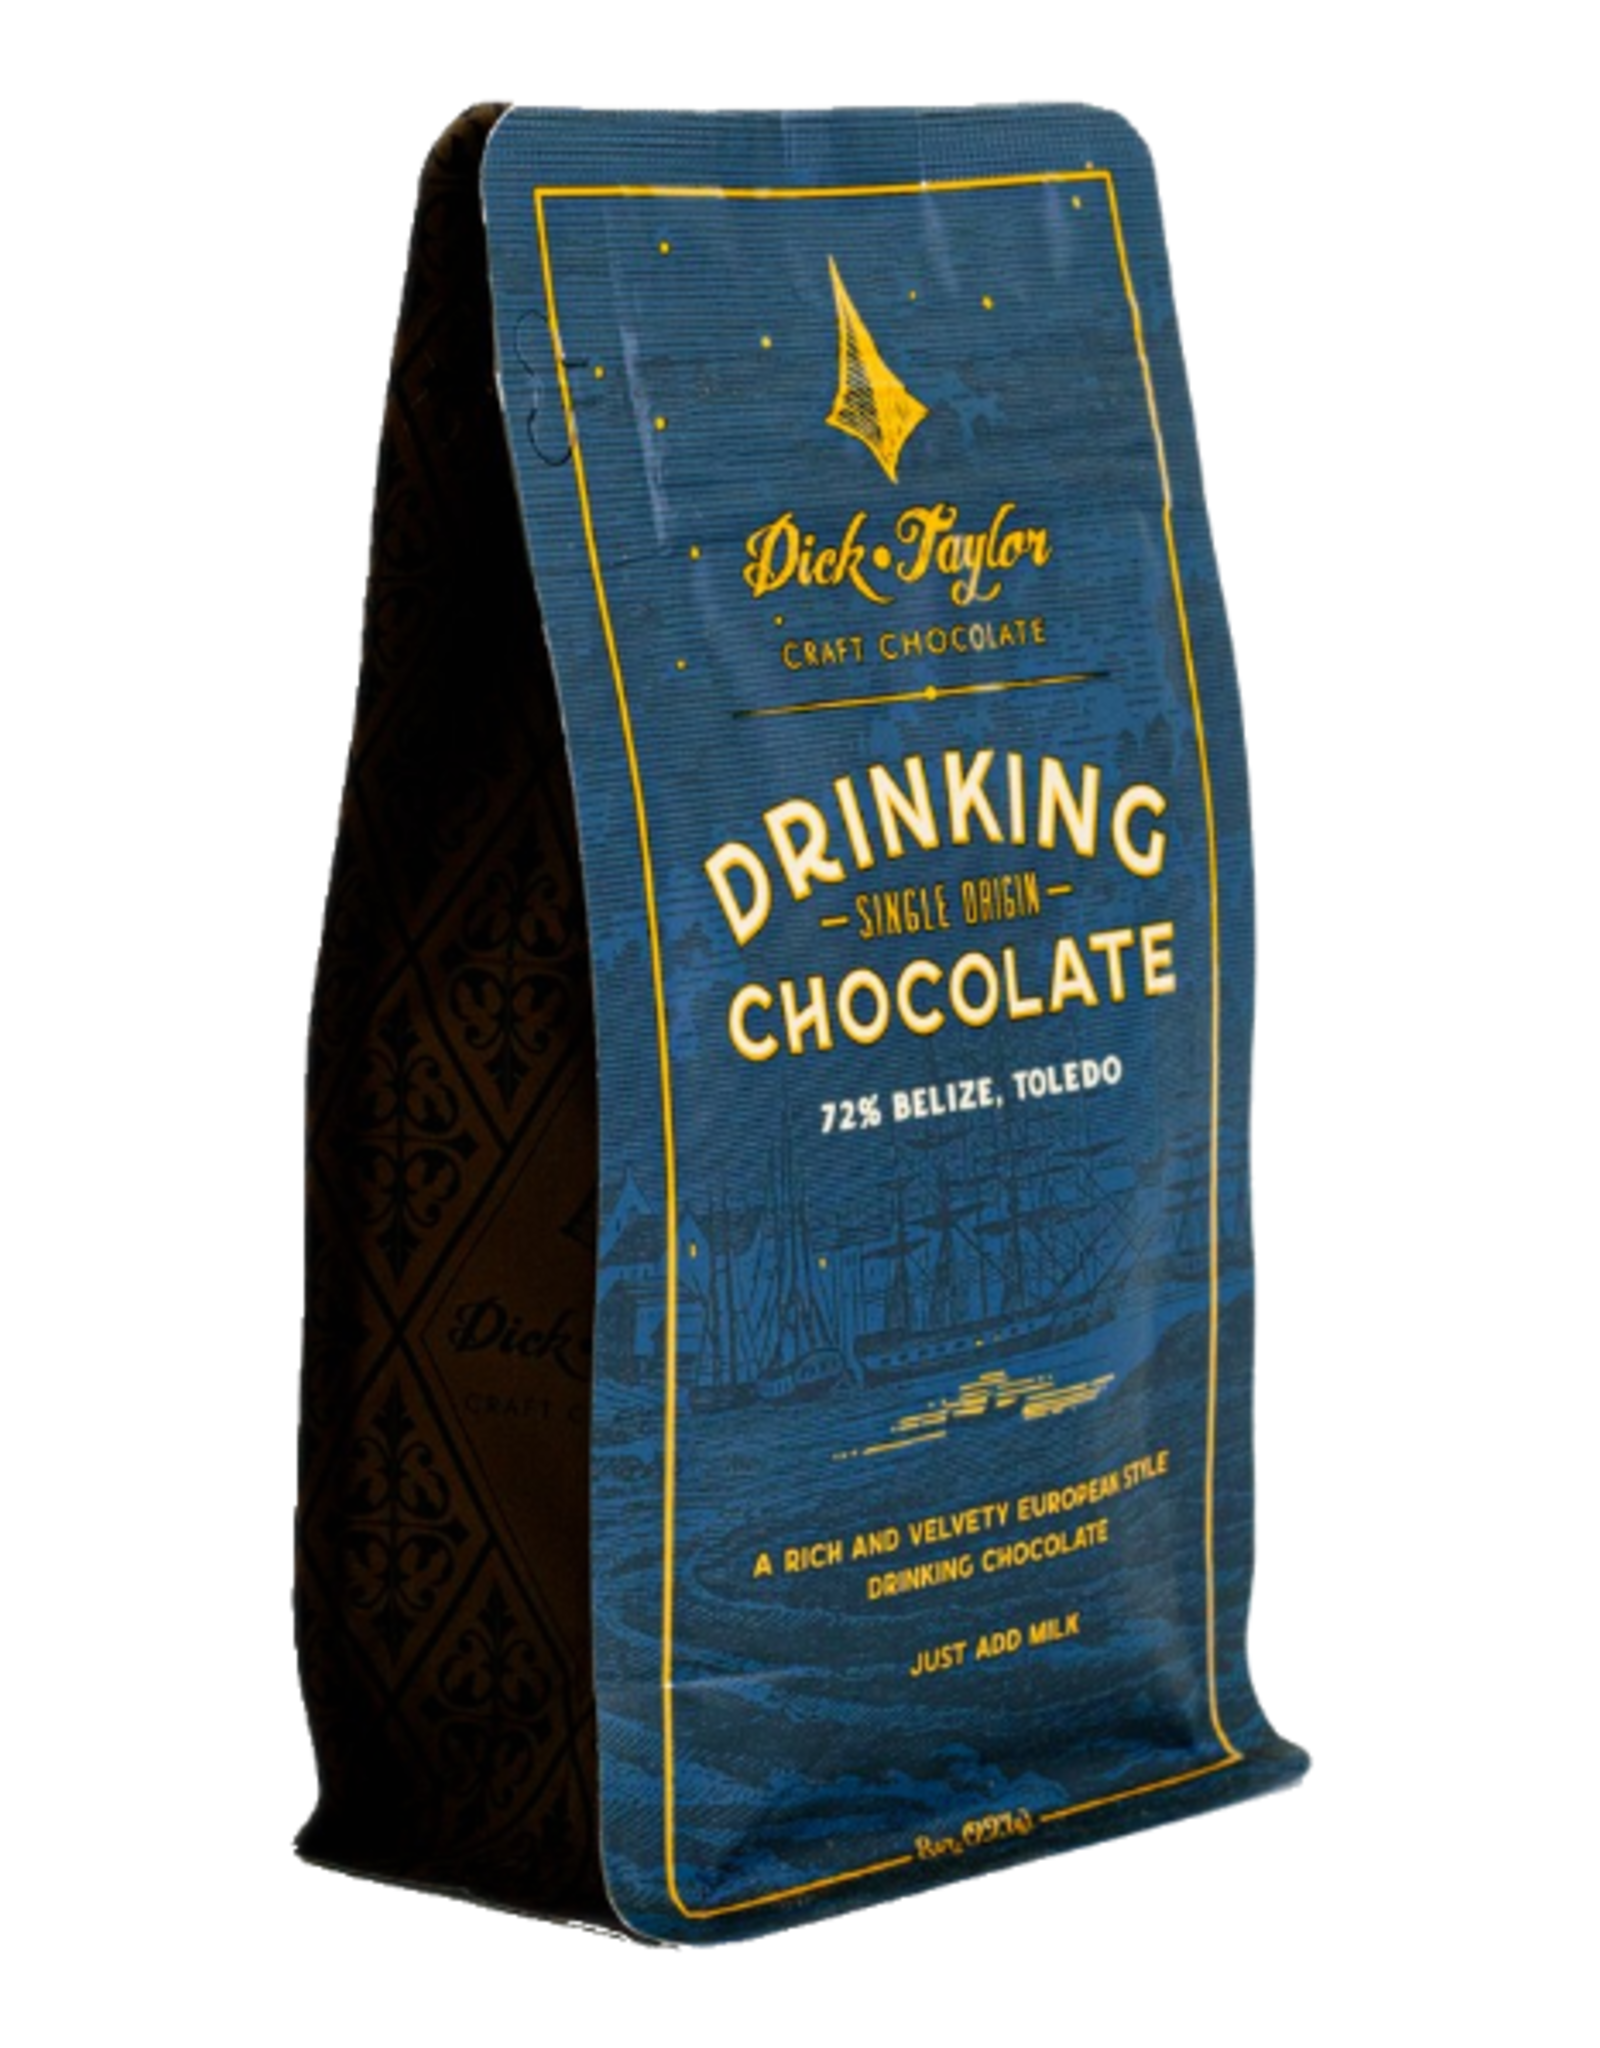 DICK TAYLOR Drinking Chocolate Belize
____________
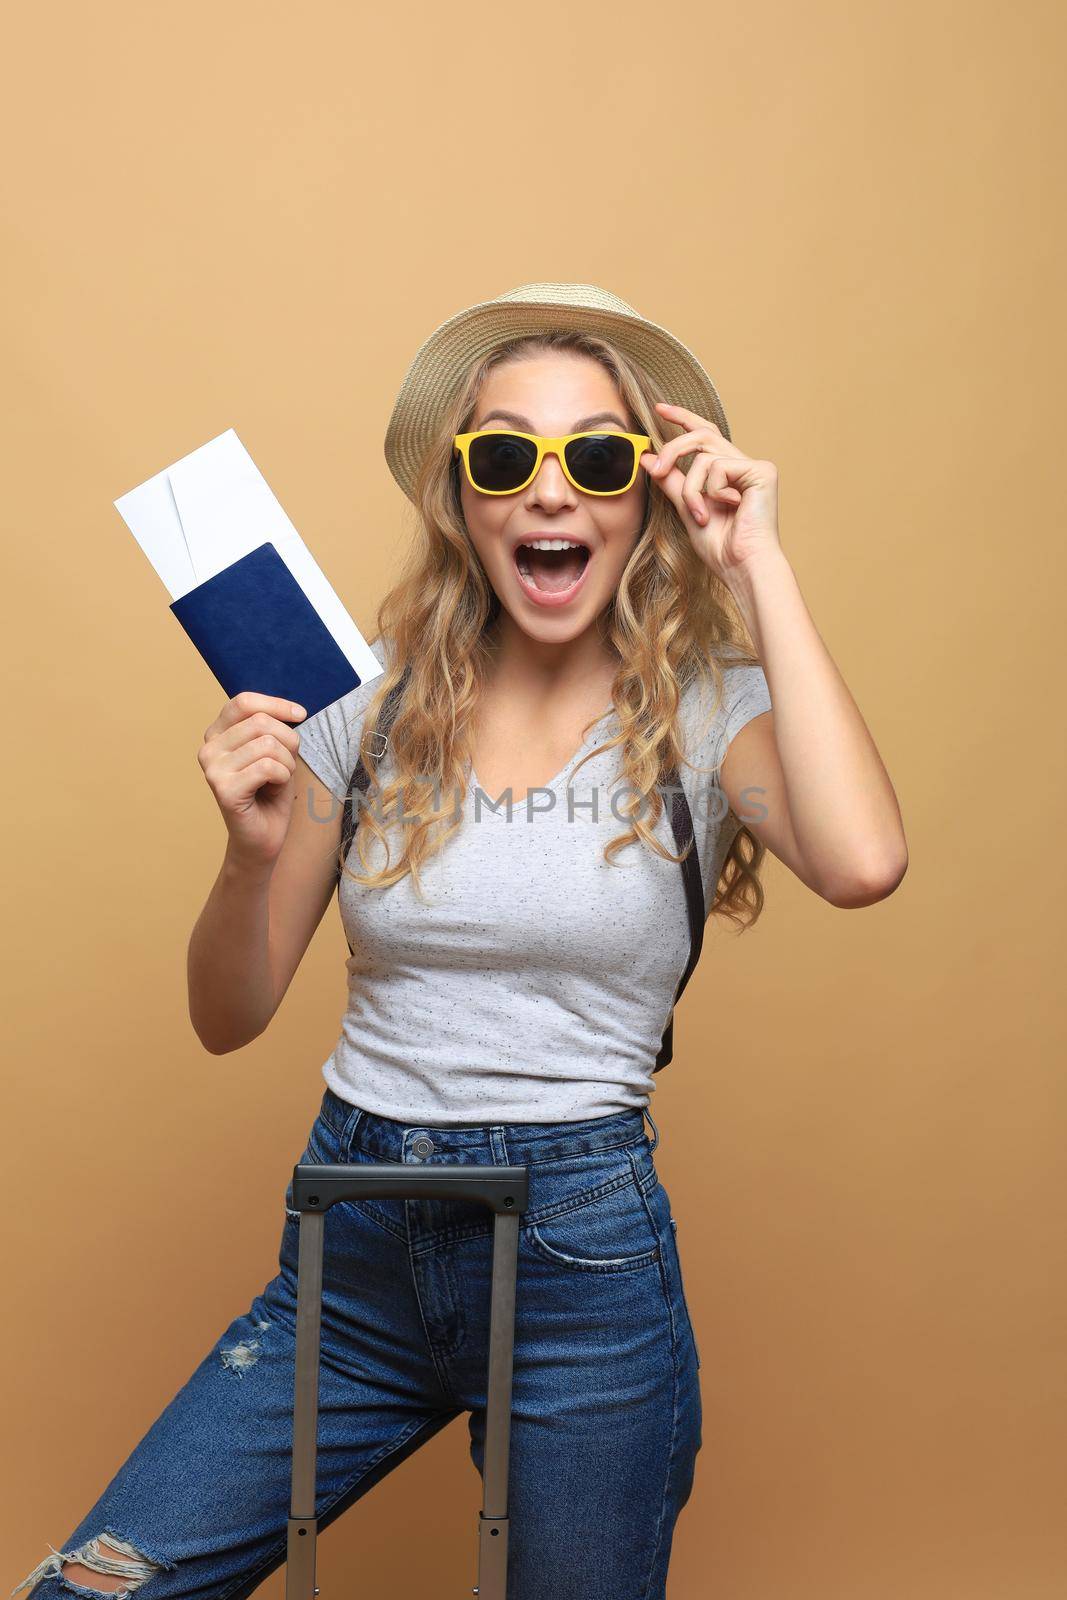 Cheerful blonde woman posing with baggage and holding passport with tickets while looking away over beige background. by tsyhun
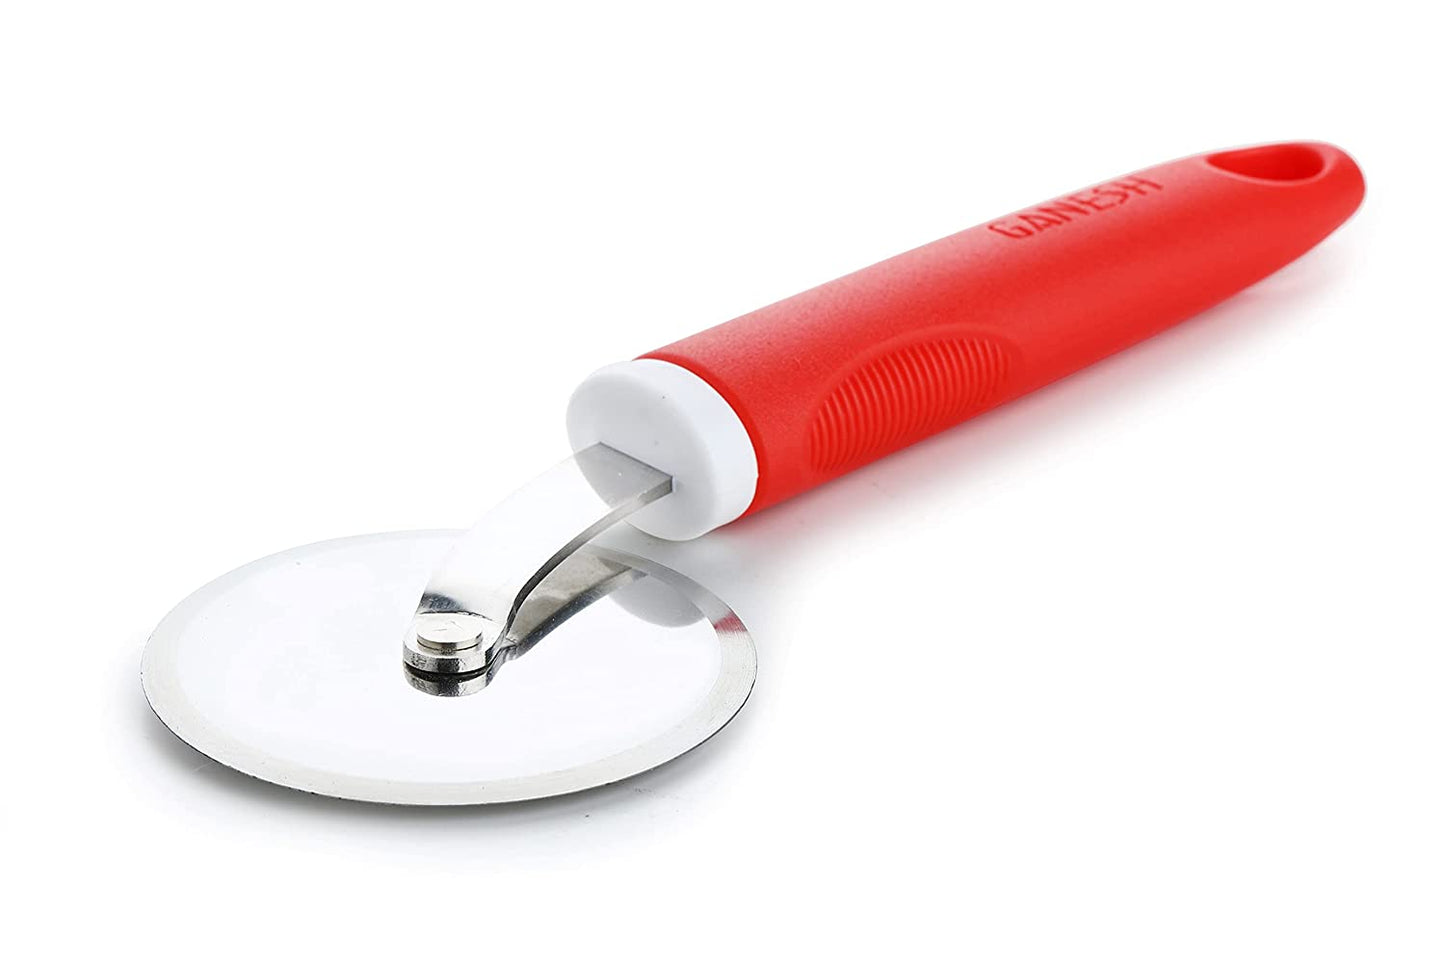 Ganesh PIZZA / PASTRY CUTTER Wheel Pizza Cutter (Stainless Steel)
____________
Work to be completed: Print, word for word, the lines above that run from the line containing "Cheerful blonde woman" to the line containing "Ganesh PIZZA /", both included. Keep the pictures out.

Answer to this problem:
 Cheerful blonde woman posing with baggage and holding passport with tickets while looking away over beige background. by tsyhun
 Ganesh PIZZA / PASTRY CUTTER Wheel Pizza Cutter (Stainless Steel)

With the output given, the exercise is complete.